Quick Answer: Ist Harry Potter und der Halbblutprinz sehenswert?

Kurze Antwort: JA – Der emotionalste und charakterstärkste Potter-Film, auch wenn Action-Fans enttäuscht sein könnten.

Für wen geeignet: Potter-Fans, Liebhaber von Charakterdramen, Jugendliche ab 12 Jahren, alle die tiefere Geschichten schätzen.

Nicht geeignet für: Action-Junkies, Zuschauer ohne Vorkenntnisse, Fans der ersten beiden Filme.

Mein Urteil: Ein meisterhaft inszenierter Übergangsfilm, der beweist dass Potter mehr kann als nur Zauberei. Die beste Charakterentwicklung der gesamten Reihe, verpackt in wunderschöne, melancholische Bilder.

Worum geht es in Harry Potter und der Halbblutprinz?

Harry Potter und der Halbblutprinz spielt in Harrys sechstem Schuljahr, als Voldemort offen Krieg gegen die Zauberwelt führt. Dumbledore nimmt Harry mit auf eine gefährliche Reise in die Vergangenheit des Dunklen Lords, um dessen größte Schwäche zu entdecken – die Horkruxe. Während die Welt um sie herum dunkler wird, kämpfen die Teenager von Hogwarts mit ihren ersten großen Liebeskummer-Dramen.

Ich muss gestehen, beim ersten Schauen 2009 war ich irritiert. Wo blieben die großen Zauberduelle? Die spektakulären Actionszenen? Stattdessen bekommen wir Harry, der sich in Ginny Weasley verliebt, Ron der von Lavender Brown besessen ist, und Hermine die eifersüchtig zusehen muss. Das schien mir damals wie Zeitverschwendung.

Heute, nach mehreren Durchgängen und als Vater einer Tochter, die gerade selbst in die Pubertät kommt, verstehe ich die Genialität dahinter. Steve Kloves‘ Drehbuch macht etwas Mutiges: Es zeigt uns diese Helden als das, was sie sind – normale Teenager mit außergewöhnlichen Umständen. Während draußen ein Krieg tobt, sind sie beschäftigt mit dem, was alle 16-Jährigen beschäftigt: Liebe, Eifersucht, Selbstzweifel.

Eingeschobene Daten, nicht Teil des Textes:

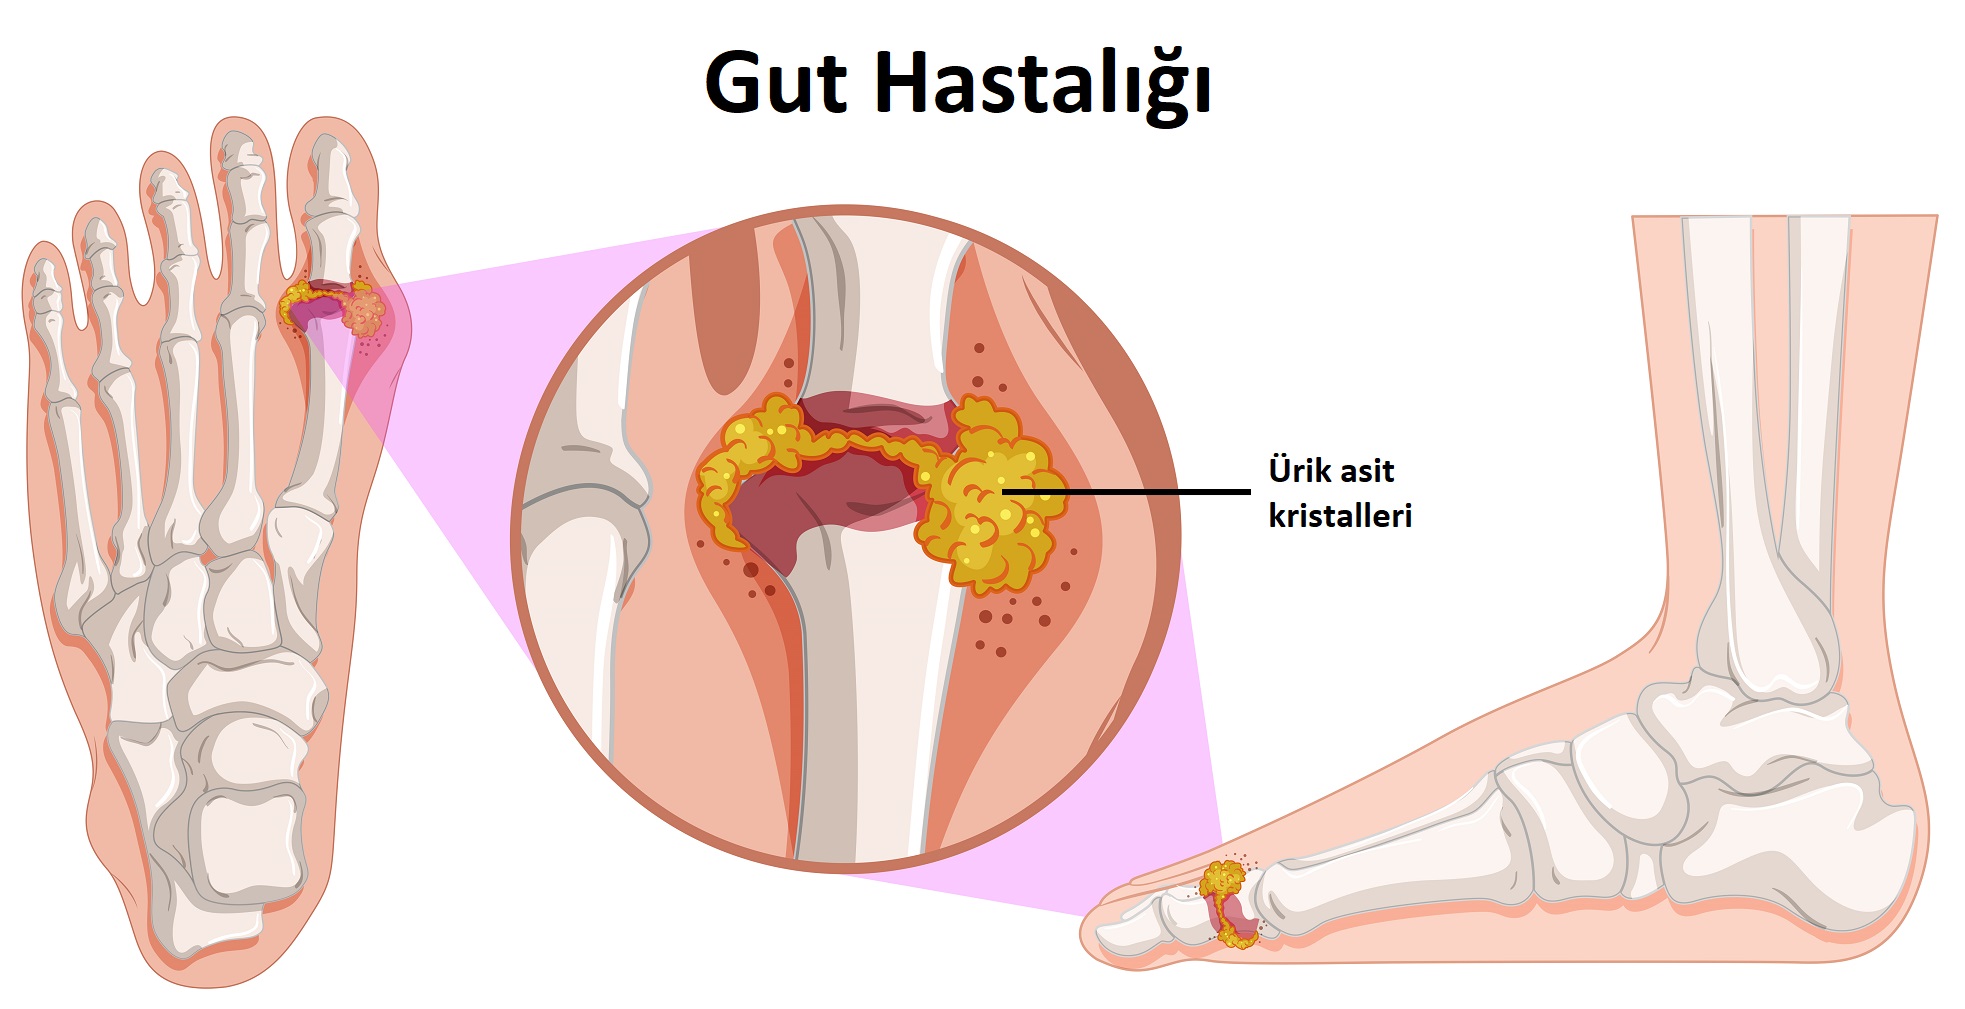 Gut hastalığı nedir? Belirtileri ve tedavi yöntemleri nelerdir? | Anadolu Sağlık Merkezi

Die Handlung um die Horkruxe ist dabei der rote Faden, der alles zusammenhält. Tom Riddles Transformation zu Voldemort wird in erschütternden Rückblenden erzählt, die zeigen wie ein brillanter, aber kalter Schüler zum Monster wurde. Diese Szenen gehören zum Besten, was die Potter-Filme je geboten haben.

Wie inszeniert David Yates den sechsten Potter-Film?

David Yates etabliert in Harry Potter und der Halbblutprinz seinen unverwechselbaren Stil: weniger Zauberei, mehr Psychologie. Seine Kamera fokussiert sich auf Gesichter, auf stumme Momente zwischen den Charakteren, auf die leisen Tragödien des Erwachsenwerdens. Das Ergebnis ist der erwachsenste und emotional komplexeste Potter-Film.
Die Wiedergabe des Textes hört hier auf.